Что же это? Действительно, национальная неспособность к борьбе? Фатализм? Смирение жертвы? Исполнение ритуальных канонов некоего обряда инициации, в котором смерть носила фиктивный, символический характер? Желание смерти как высшего покоя, растворения в мировых космических стихиях? Или это смиренное принятие Промысла, характерное для народа, воспитанного в христианской культуре и испытанного нелегкой исторической судьбой? Непротивление злу? Отражение образа Доброго Пастыря? Пессимистична эта баллада? Или по-своему оптимистична? Мистична или «эмпирична»?

Неудивительно, что вопрос об отношении пастуха к смерти, действительно, «краеугольный камень» «миоритических» споров, поскольку здесь сталкиваются непримиримые мировоззрения и идеи: религиозные и атеистические, христианские и неоязыческие, агностические, пантеистические, фаталистические и пр. Единство взглядов здесь невозможно априори, но само разнообразие и борьба мнений вокруг «экзистенциального» аспекта «Миорицы» представляет немалый интерес для изучения румынского национального самосознания.

Однако нужно сразу отметить один крайне важный момент. Как писал В. Пропп, «фольклор обладает совершенно особой, специфической для него поэтикой, отличной от поэтики литературных произведений»12. Большинство вышеперечисленных идей на самом деле не имеют непосредственного отношения к. ни народному мировосприятию, ни особенностям фольклорного творчества. Споры о смысле «Миорицы» это в большей степени столкновение ученых умов, рассматривающих народное произведение не с фольклорных позиций, а со своей «интеллектуальной колокольни», привносящих в них багаж своей книжной эрудиции, свои литературные предпочтения, и, как следствие, видящих в ней то, чего в ней, быть может, нет и в помине. Об этом много писали исследователи, занимающиеся «Миорицей» как чисто фольклорным текстом.

Дилетантский подход часто приводит к неверным толкованиям фольклорных произведений, оставляя «широкое поле для игры предположений»13. Однако, справедливо ли в случае с «Миорицей» отказывать литераторам и критикам в праве ее «нефольклорного» толкования? Скорее всего, несправедливо, поскольку история «Миорицы» свидетельствует о том, что с момента публикации, тем более, будучи обработана рукой профессионального поэта, она вышла за рамки фольклорного бытия, став всеобщим достоянием, как «неученых» читателей, так и ученых, как фольклористов, так и не фольклористов. Ее способность будить мысль, ее поэтическая красота и содержательная глубина принадлежат как фольклору, так и письменной литературе, хотя, конечно, начинать надо с выяснения ее фольклорных смыслов.

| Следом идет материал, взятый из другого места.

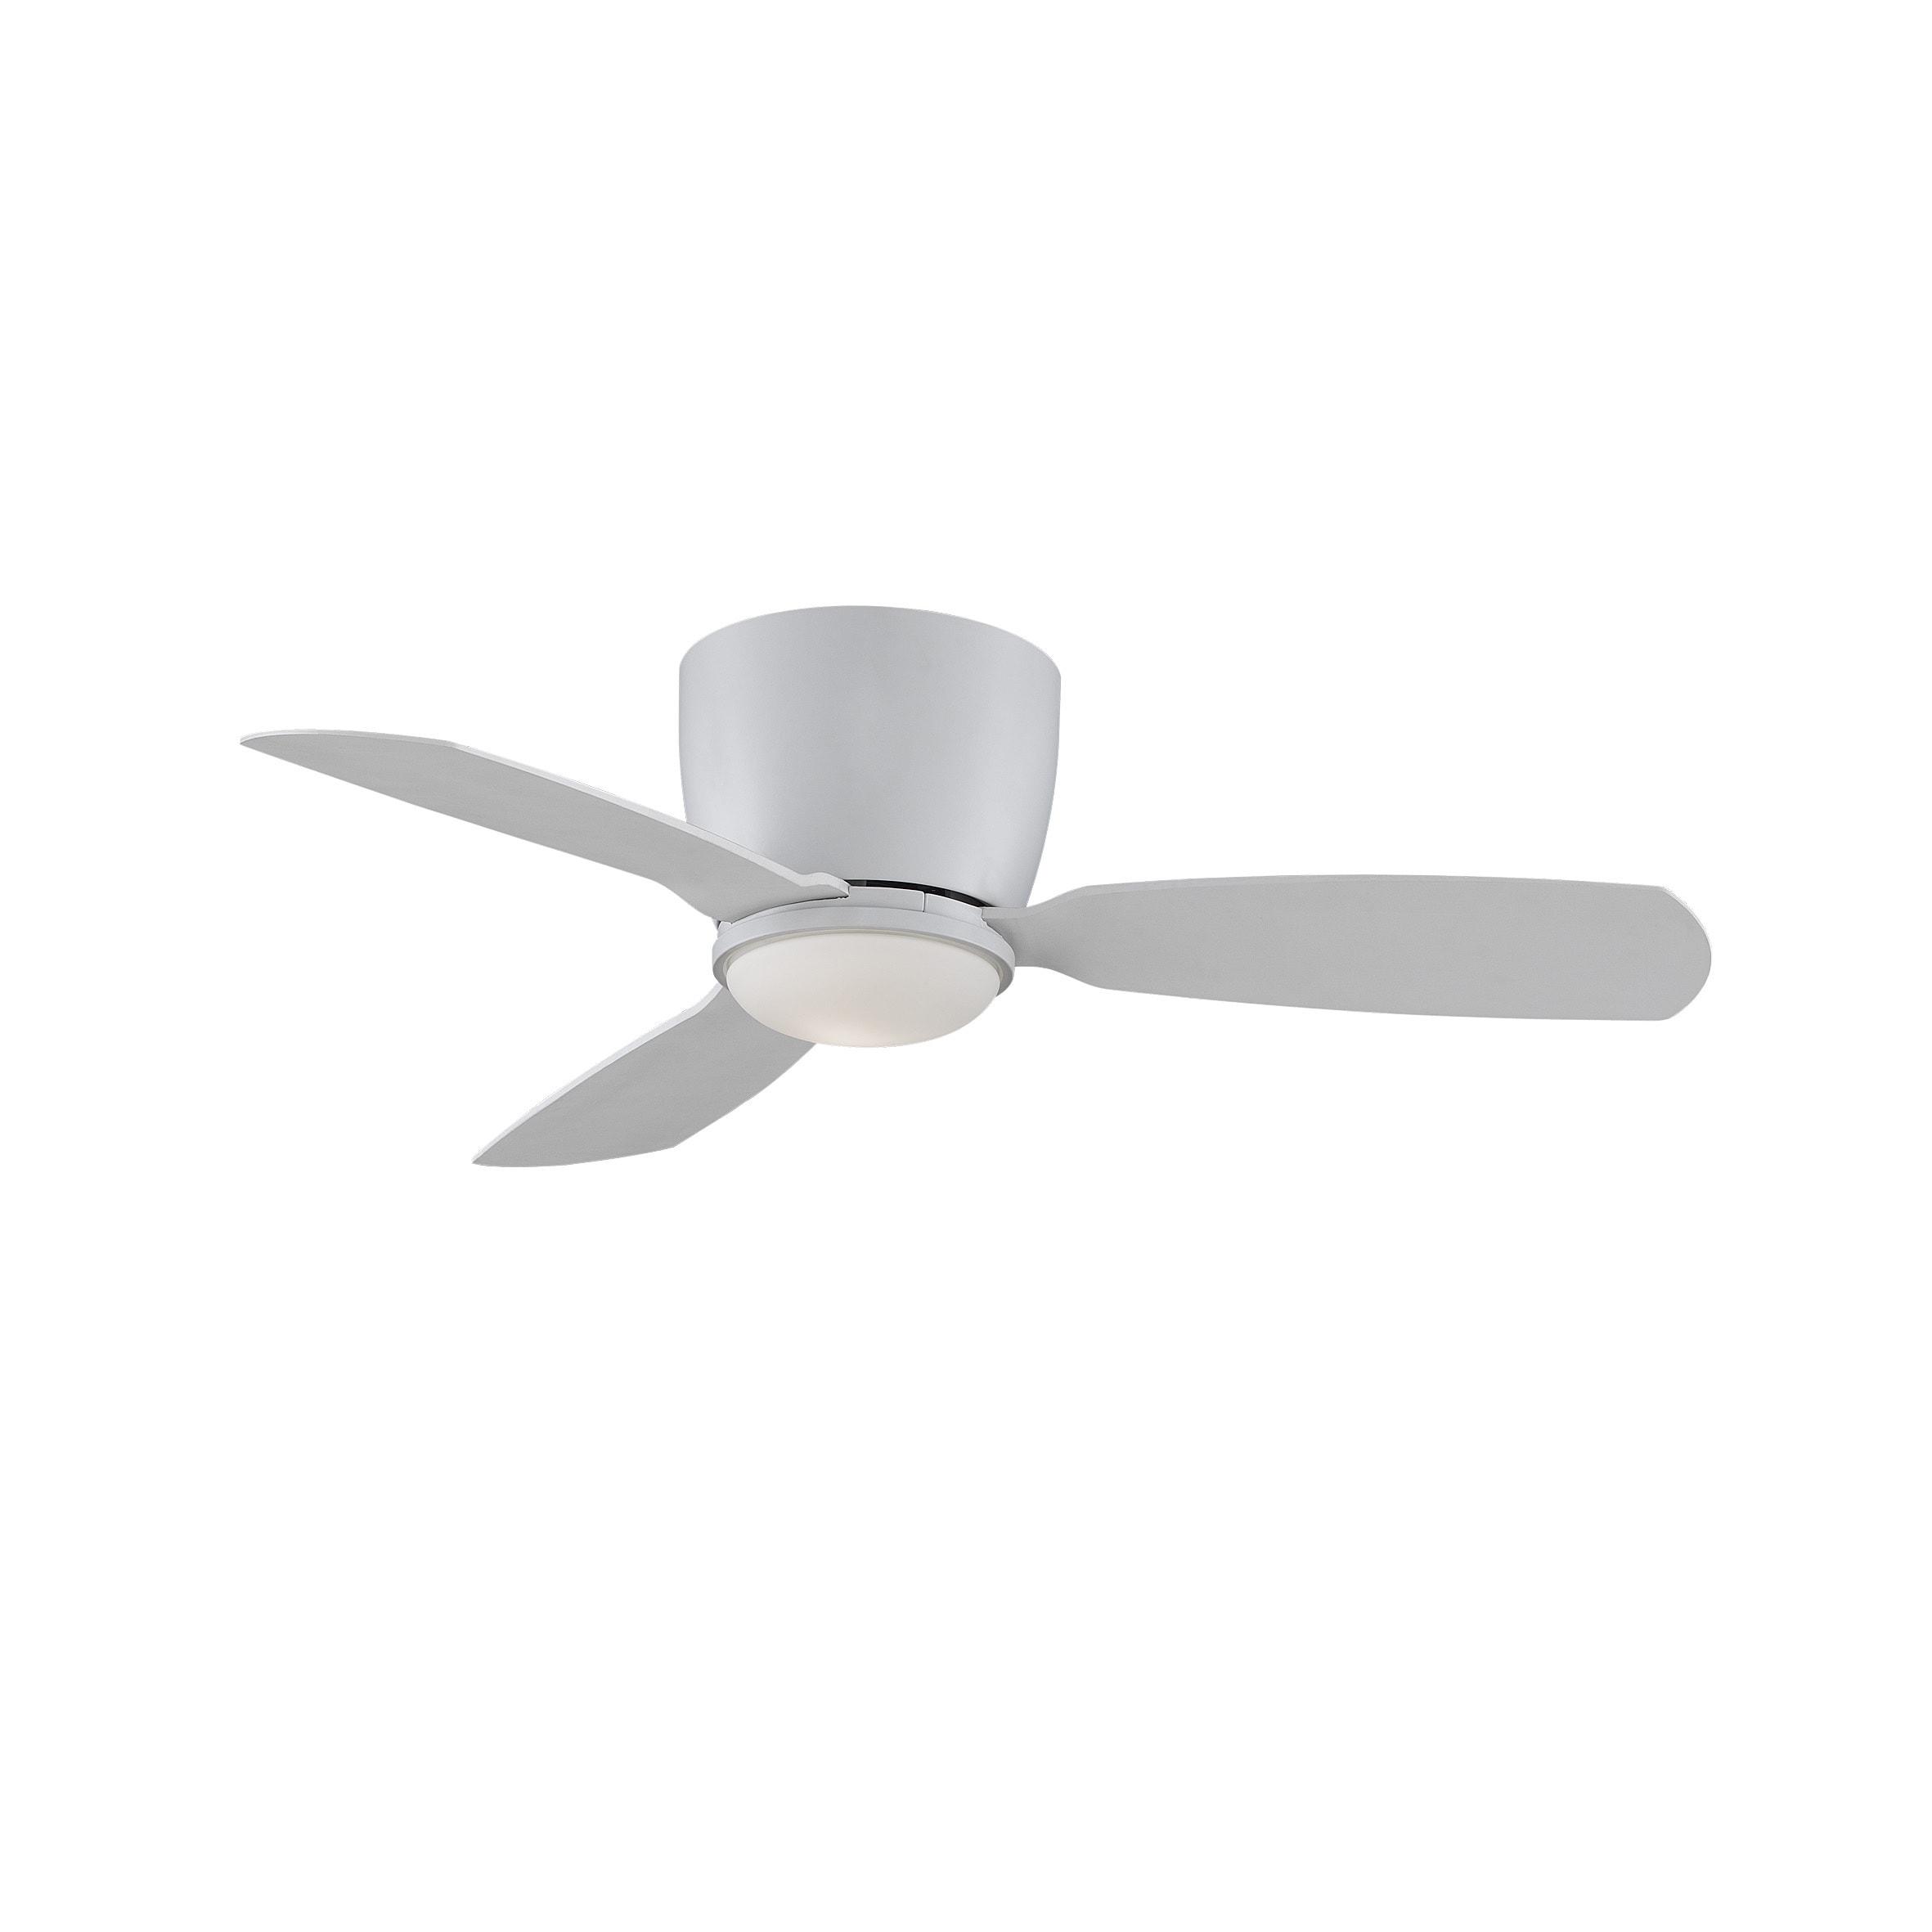 birch lighting three blade pdp minka led lane retro reviews fan acero ceiling aire ceilings
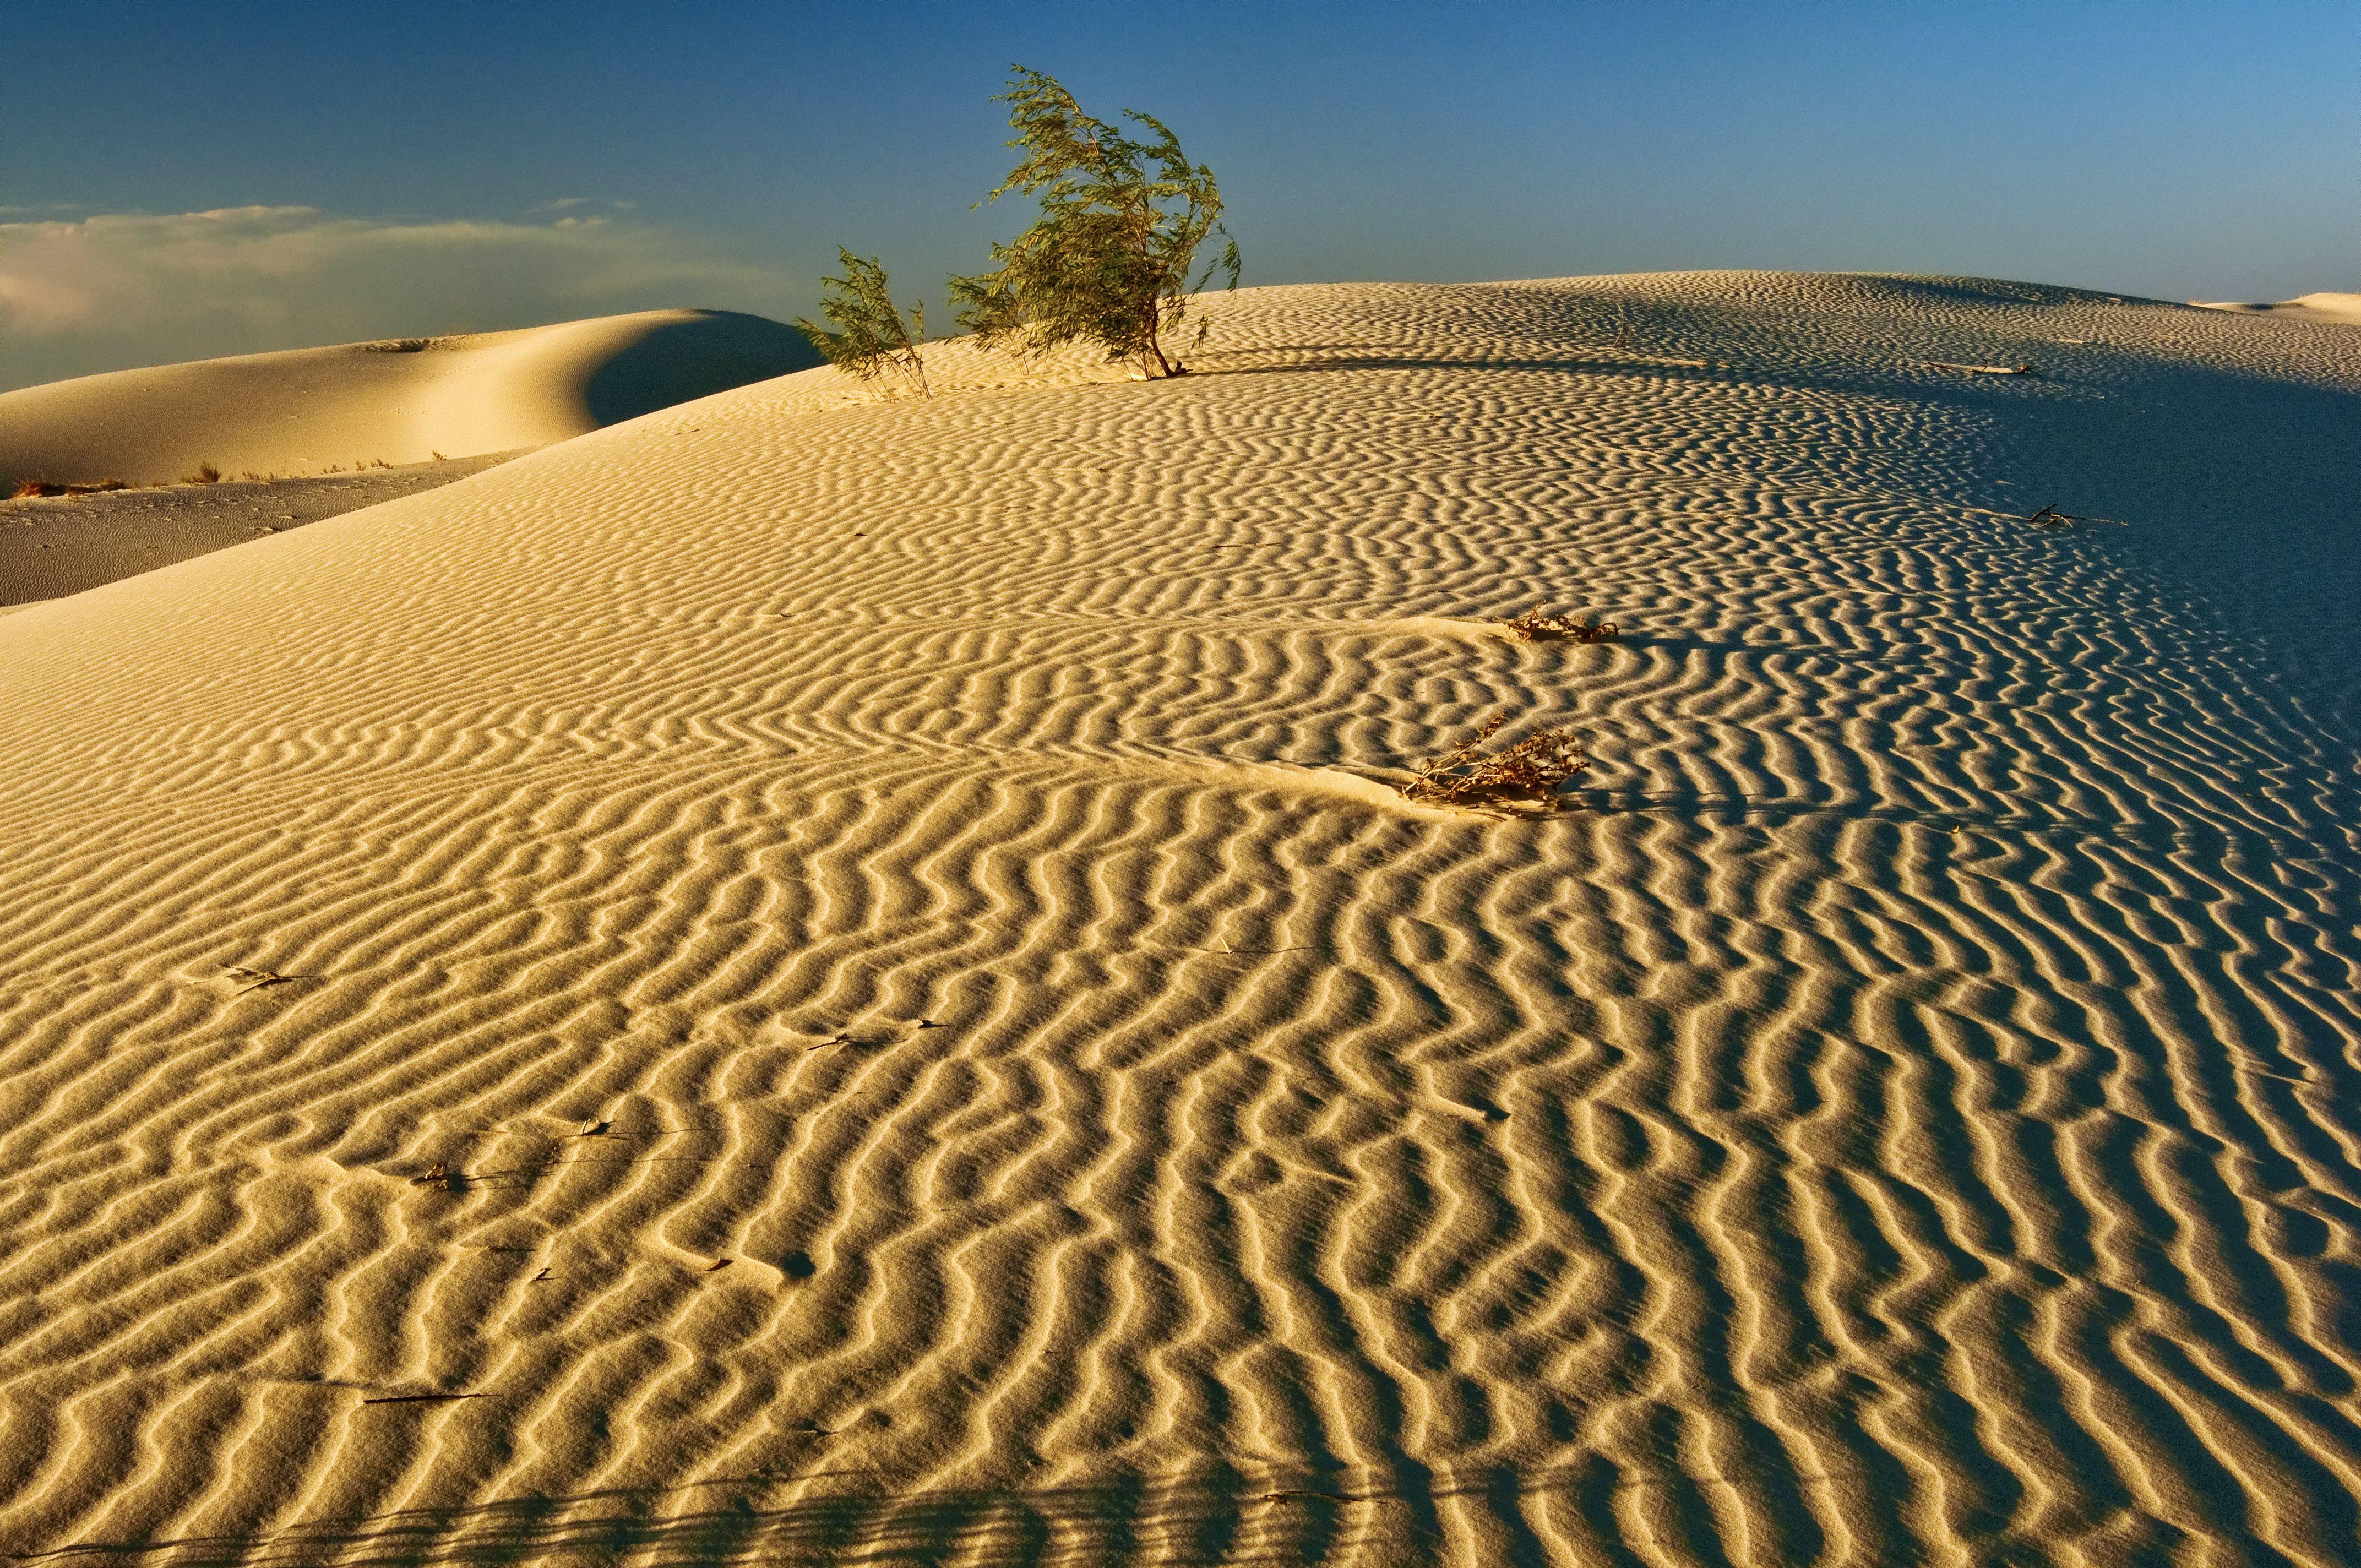 Dunes at sunset, Monahans Sandhills State Park, Chihuahuan Desert, Texas, USA

Впрочем, по выражению Т. Цивьян, «загадка «Миорицы» всегда останется с ней. А, может, она проста и загадок не содержит»14. Действительно, иногда создается впечатление, что совершенно прав был Эминеску, увидевший в балладе лишь «несравненное вдохновение, вздох елей и карпатских горных ручьев» 15. Современный взгляд утончил анализ баллады до изощренности, за которой кроется опасность ложного умствования, субъективности и псевдонаучности. Может быть, великий поэт сказал о «Миорице» самое главное, когда писал: «Что заключает в себе «Миорица». Все и ничего. Ничего, потому что это не более чем незамысловатые размышления простого пастуха. Всё, потому что они облечены в царственные одежды поэзии» 16.

4. «Миоритическое пространство» и «миоритический человек».

В 1936 г. Лучиан Блага пишет трактат «Философия культуры», одна из частей которой называется «Миоритическое пространство» («8ра{ш1 тюгШс»). Подробнее об истории происхождения этого термина и его содержании будет сказано в разделе, посвященном Благе. С легкой руки поэта-философа понятие «миоритическое пространство» (или «горизонт») и миоритизм» навсегда вошли в румынскую литературную критику и философию, а слово «миоритический» в румынскую прозу и поэзию. Создав философский термин для обозначения «национального подсознания» и национальной «культурной матрицы», Блага, фактически, стал автором уникального в своем роде понятия, которое теперь используется для обозначения исконной румынской национальной стихии, жизни села, сельской цивилизации.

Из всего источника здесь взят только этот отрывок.